▼

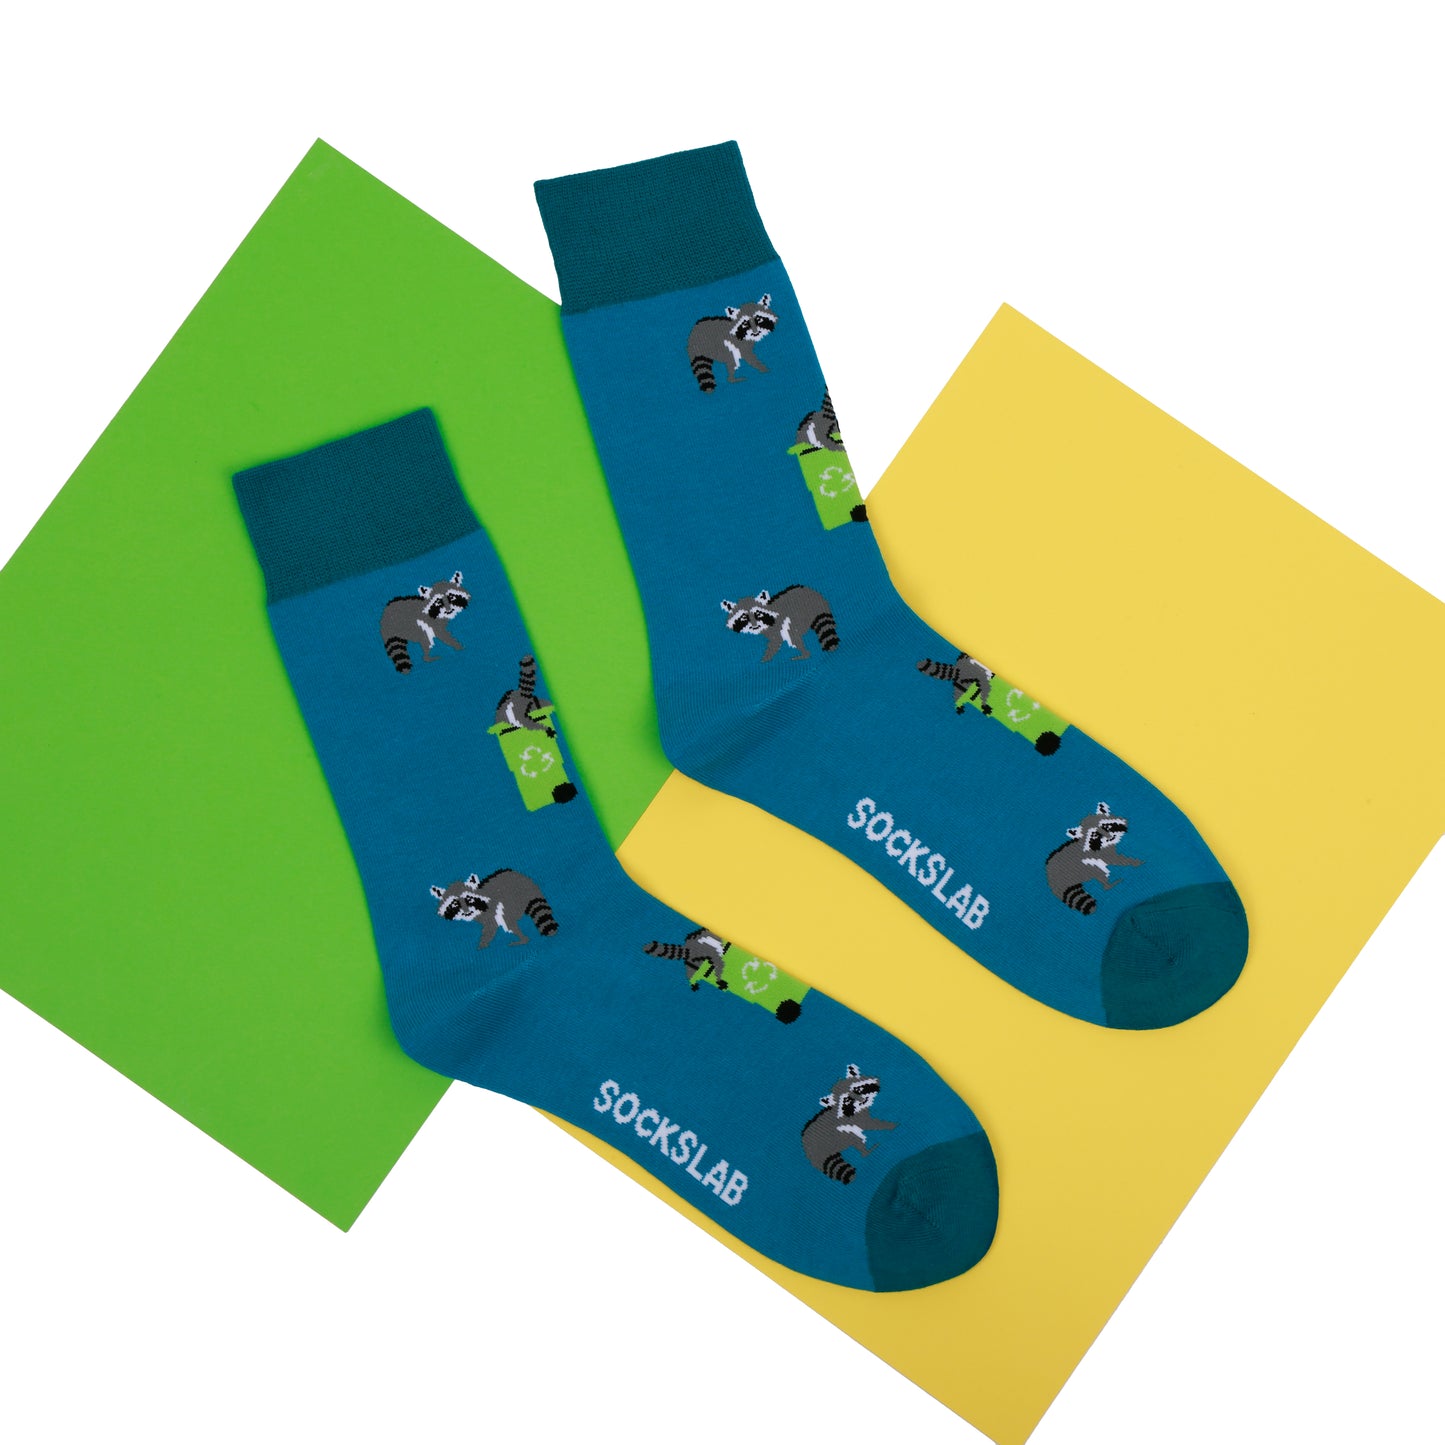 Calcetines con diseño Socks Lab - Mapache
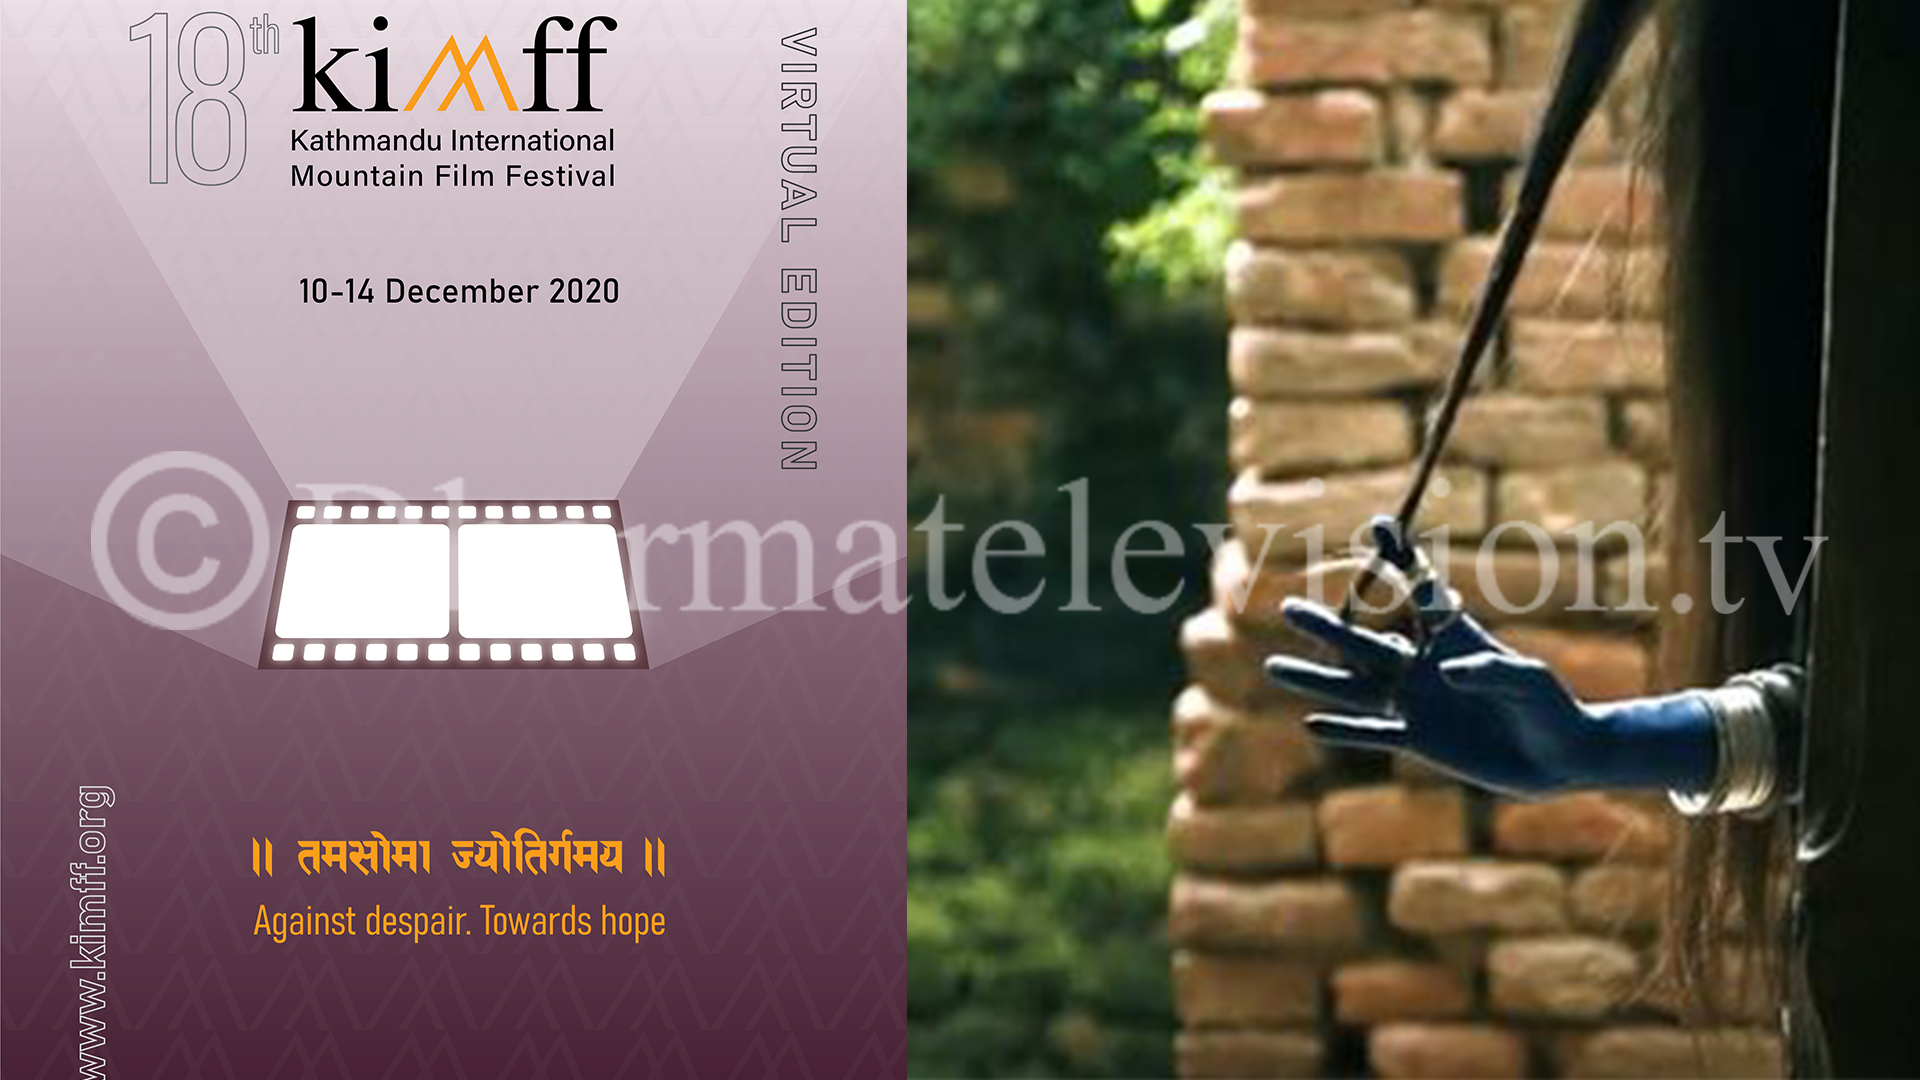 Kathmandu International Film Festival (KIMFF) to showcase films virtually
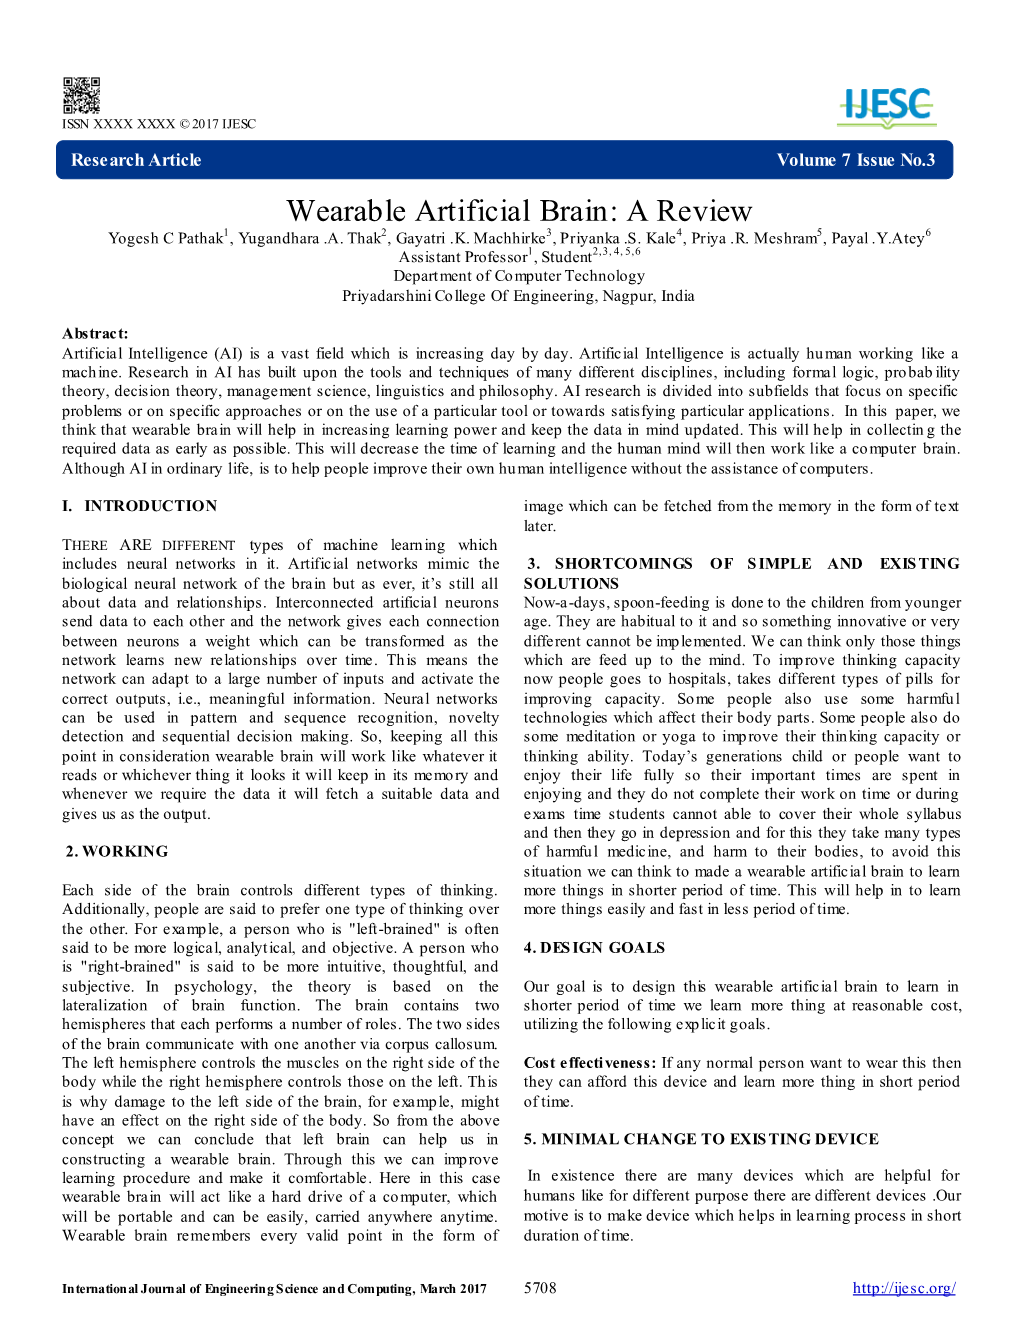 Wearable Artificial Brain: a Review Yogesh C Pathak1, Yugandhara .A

▲

Problem to work on ::
Restate word for word the lines above that start at the line containing "Kathmandu International Film" and run to the end of the listing; exclude the pictures.

Output ::
 Kathmandu International Film Festival (KIMFF) to showcase films virtually
 Wearable Artificial Brain: a Review Yogesh C Pathak1, Yugandhara .A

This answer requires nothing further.